Finite state transducer library. Minimalistic pure C implementation. This project is mostly inspired by OpenFST library (http://www.openfst.org) by Michael Riley and Mehriar Mohri. The main focus here is a performance and simplicity.
The package could be used to construct n-gram language models and as a construction block for decoders in speech recognition and spelling correction. It could be used for the tasks of discrete optimization on sequences (e.g. levenstein distance).
Let's create an automaton that accepts "(01)*" regular language. We need a fscompile command:
echo "\
0 1 0 0
1 0 1 1
0" | fscompile > automaton.t
Each line contains either transition or final state.
Transition line format:
- source state
- destination state
- input label
- output label
- (optional) weight
Final state line contains only a number of a state.
To print it just invoke fsprint command:
fsprint automaton.t
or as usual pipe:
cat automaton.t | fsprint
To compose transducers one should use the fscompose command:
fscompose aut0.t aut1.t > aut3.t
It could be done in the pipe style with more then two automata:
cat aut0.t | fscompose - aut1.t | fscompose - aut2.t > aut3.t
Warning: a proper sorting of input/output arcs could be significantly increase the performance.

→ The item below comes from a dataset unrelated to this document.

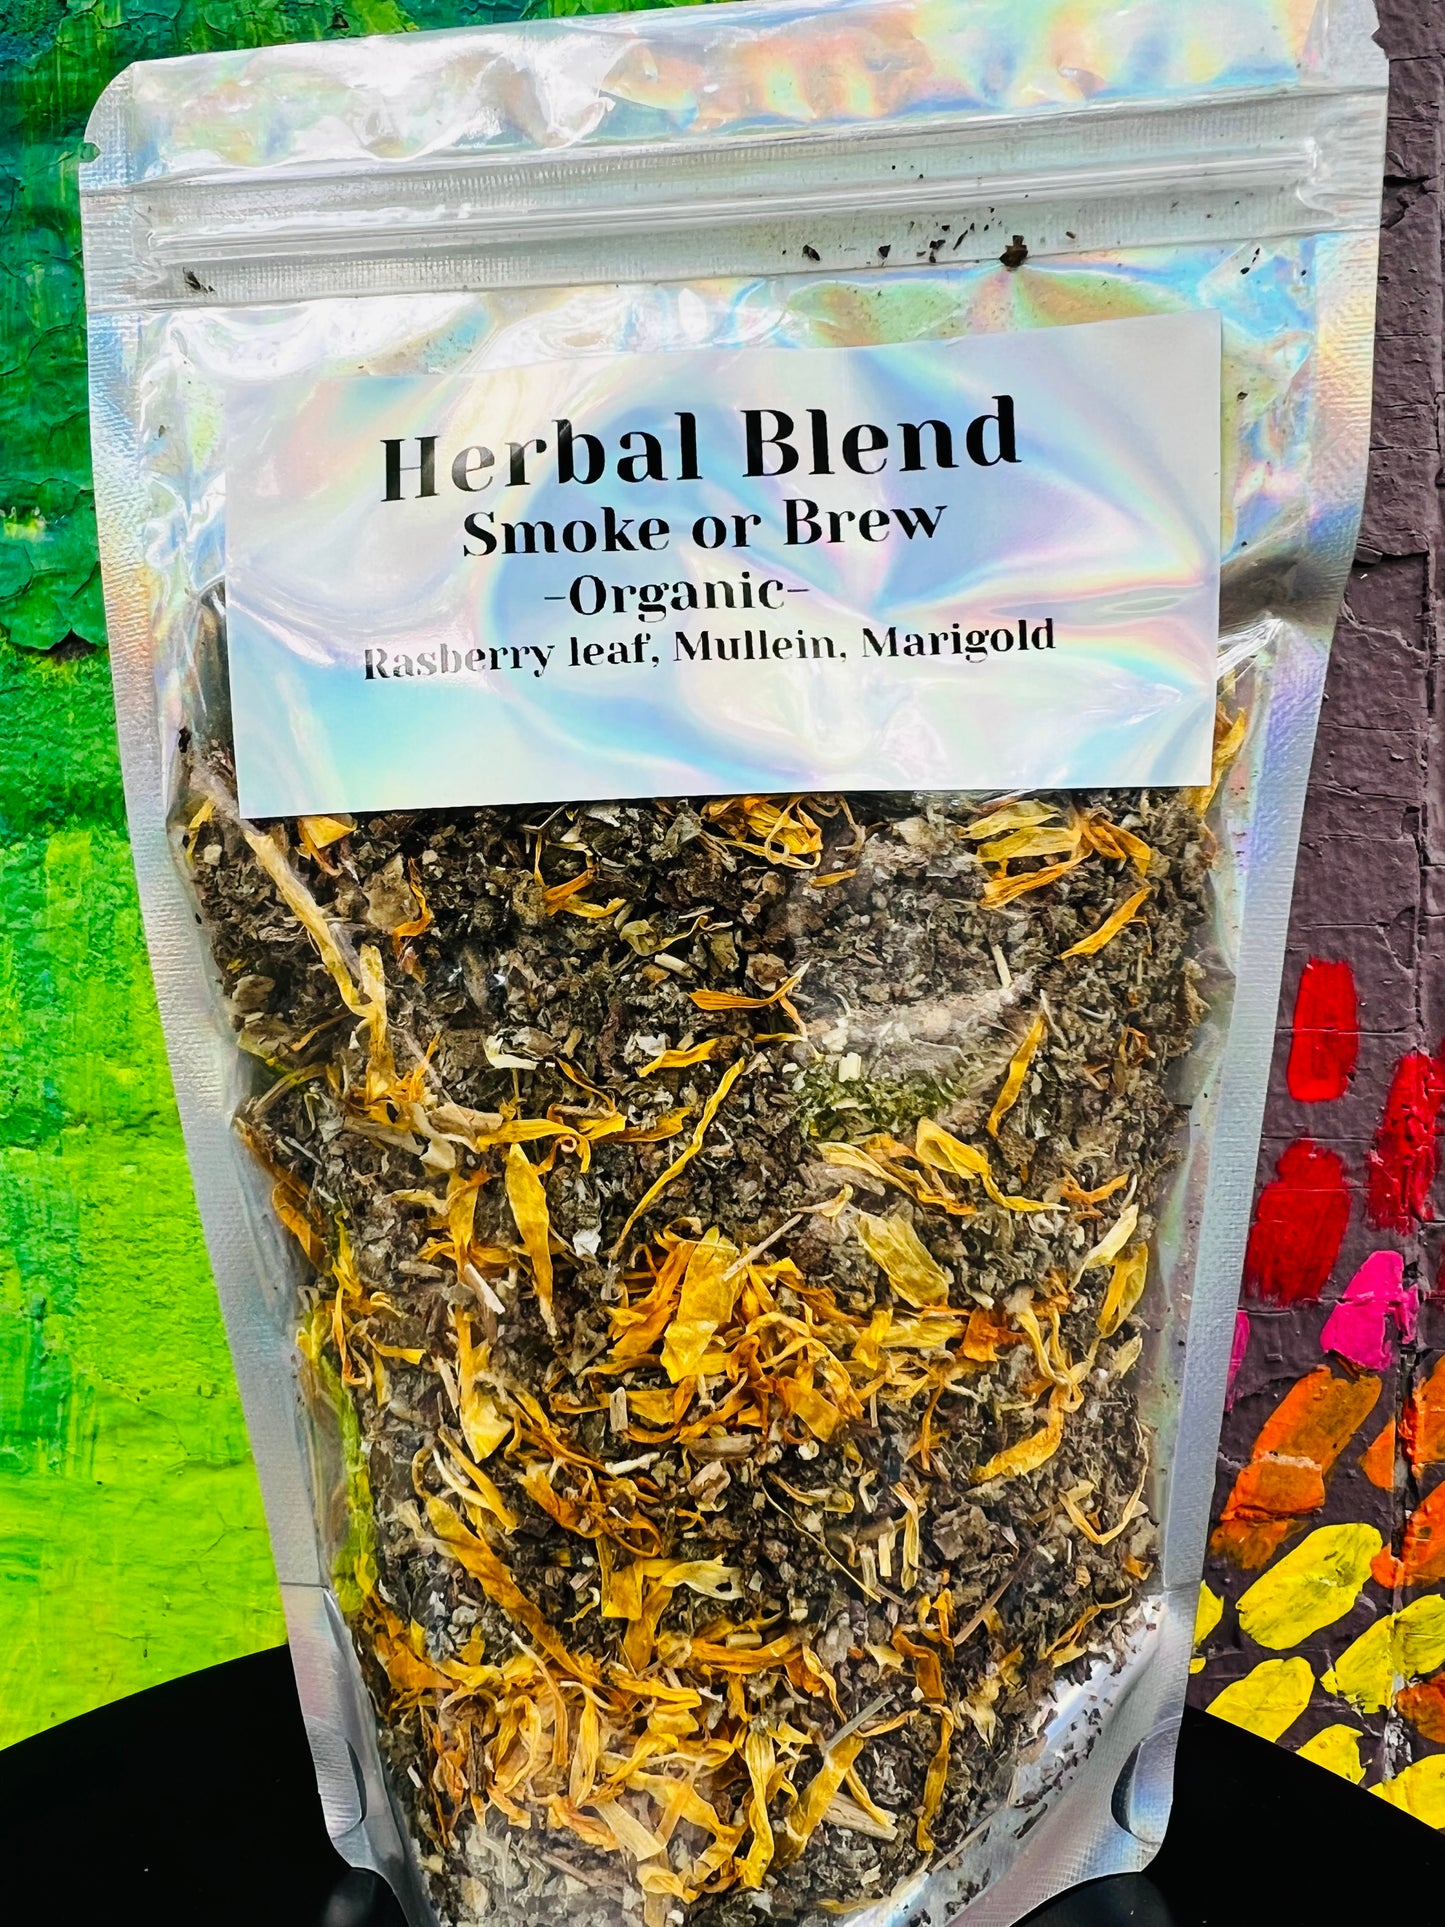 Herbal blend

Use fsshort command to get the the transducer with the shortest path:
fsshort automaton.t > shortest_path.t
We could draw automaton using fsdraw command. To actually render it you need dot utility from the Graphviz package. Make sure you have Graphviz (http://www.graphviz.org) package properly installed.
To render a transducer to png file use the following:
fsdraw automaton.t | dot -Tpng > automaton.png